RECORDS:
########

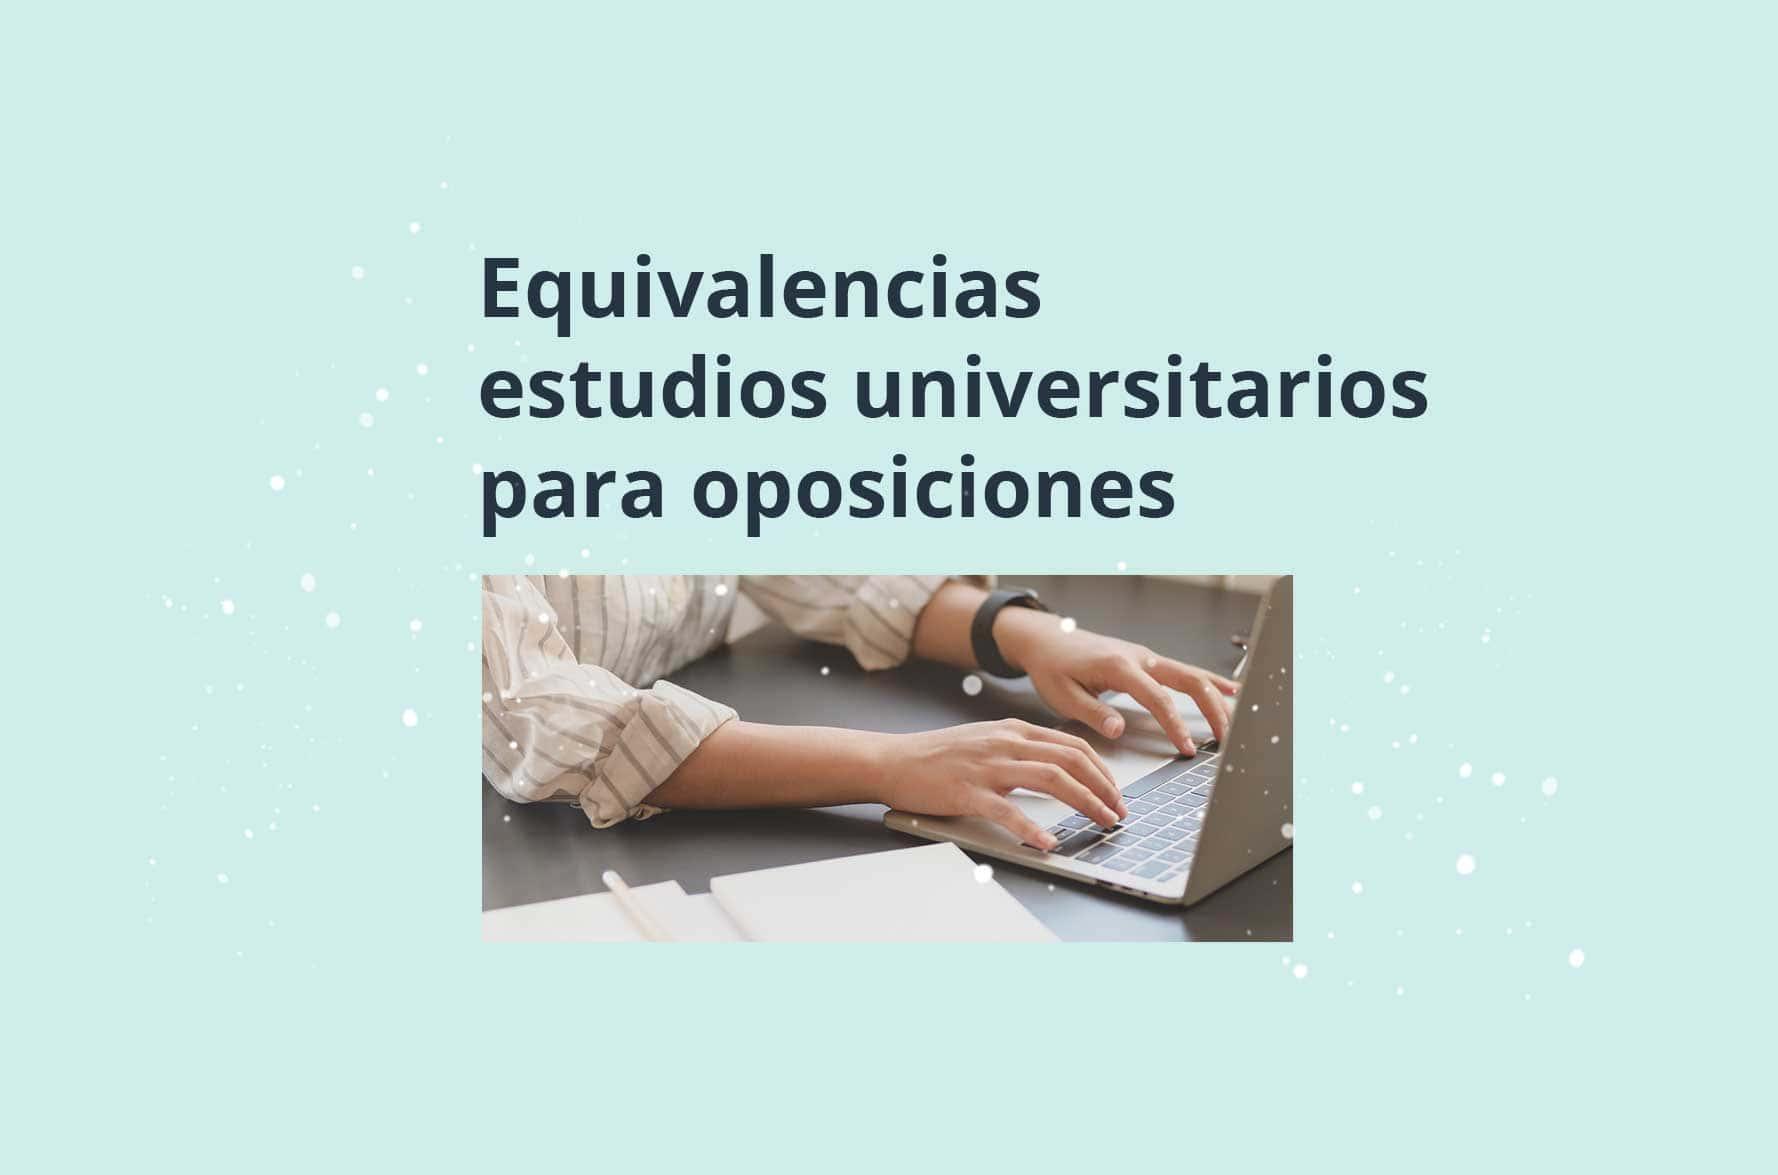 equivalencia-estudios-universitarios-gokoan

########

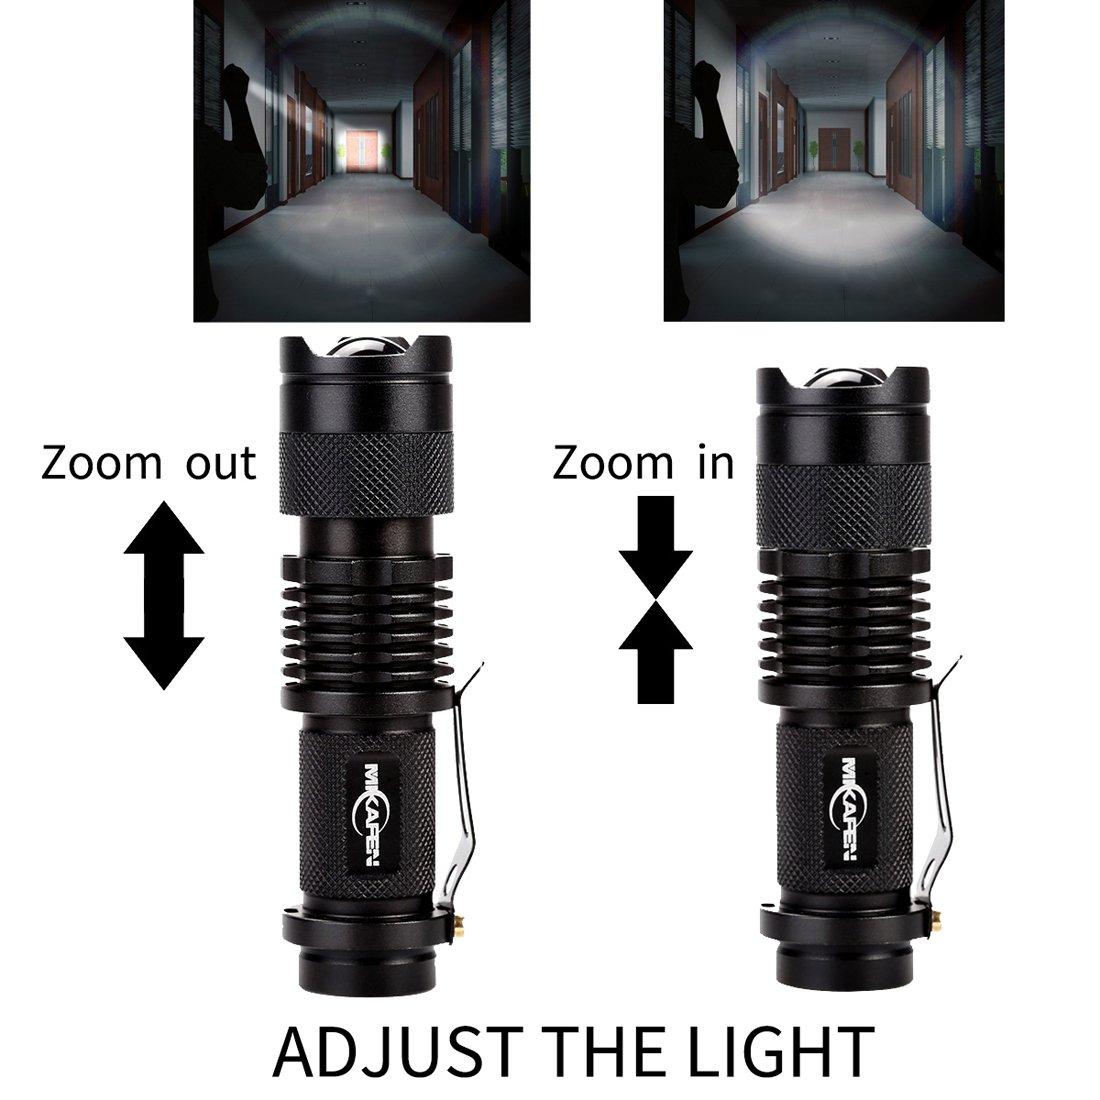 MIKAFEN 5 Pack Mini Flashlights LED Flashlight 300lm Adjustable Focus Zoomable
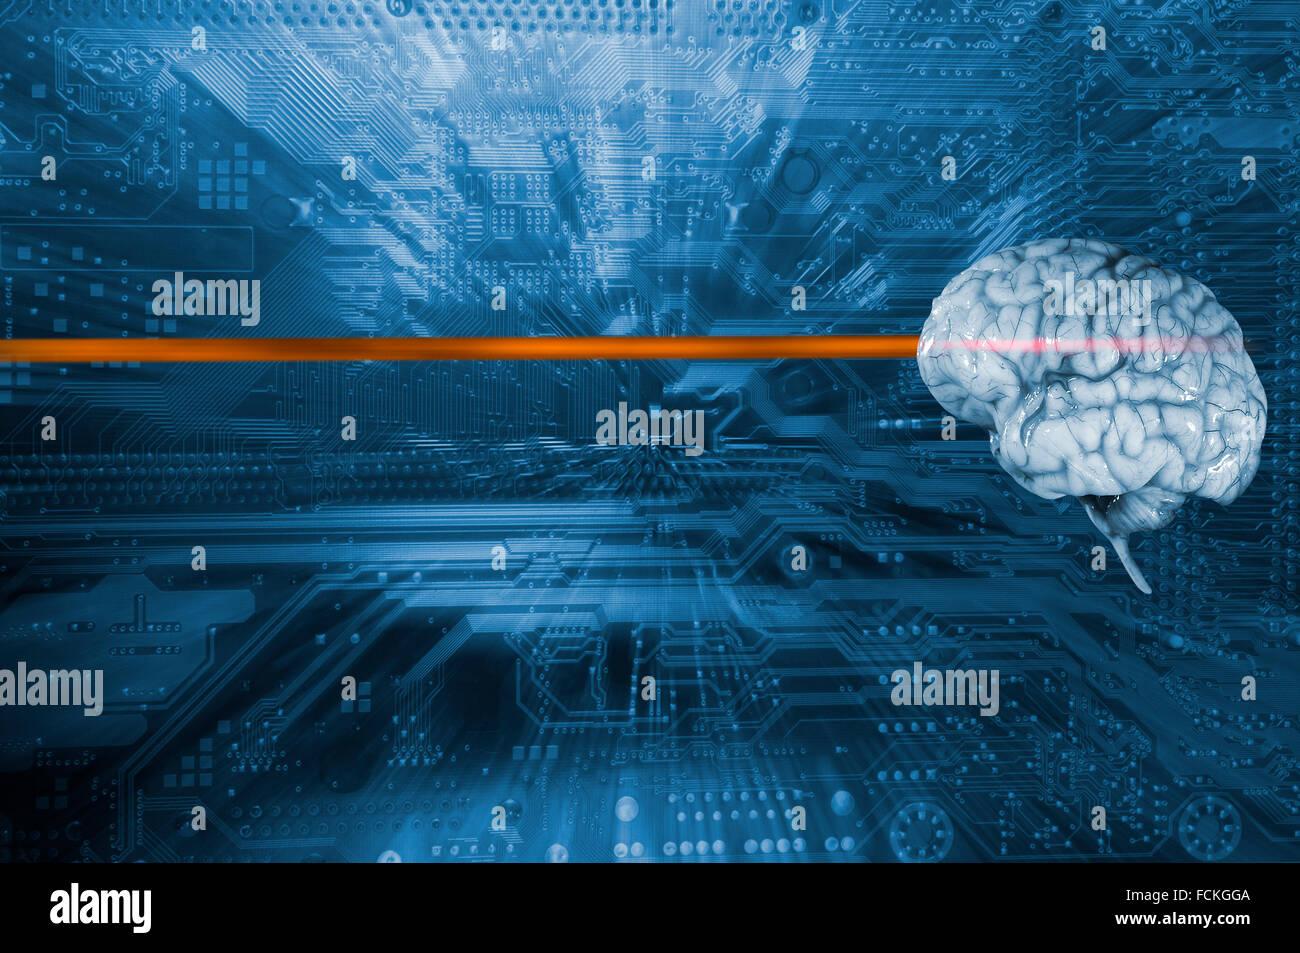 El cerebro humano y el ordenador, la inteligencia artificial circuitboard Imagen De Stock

########

ASSIGNMENT: Take the entries above and copy exactly the lines starting at the one with "MIKAFEN 5 Pack" and ending at the one with "El cerebro humano"; nothing outside that span, and no pictures.

TASK OUTPUT:
 MIKAFEN 5 Pack Mini Flashlights LED Flashlight 300lm Adjustable Focus Zoomable
 El cerebro humano y el ordenador, la inteligencia artificial circuitboard Imagen De Stock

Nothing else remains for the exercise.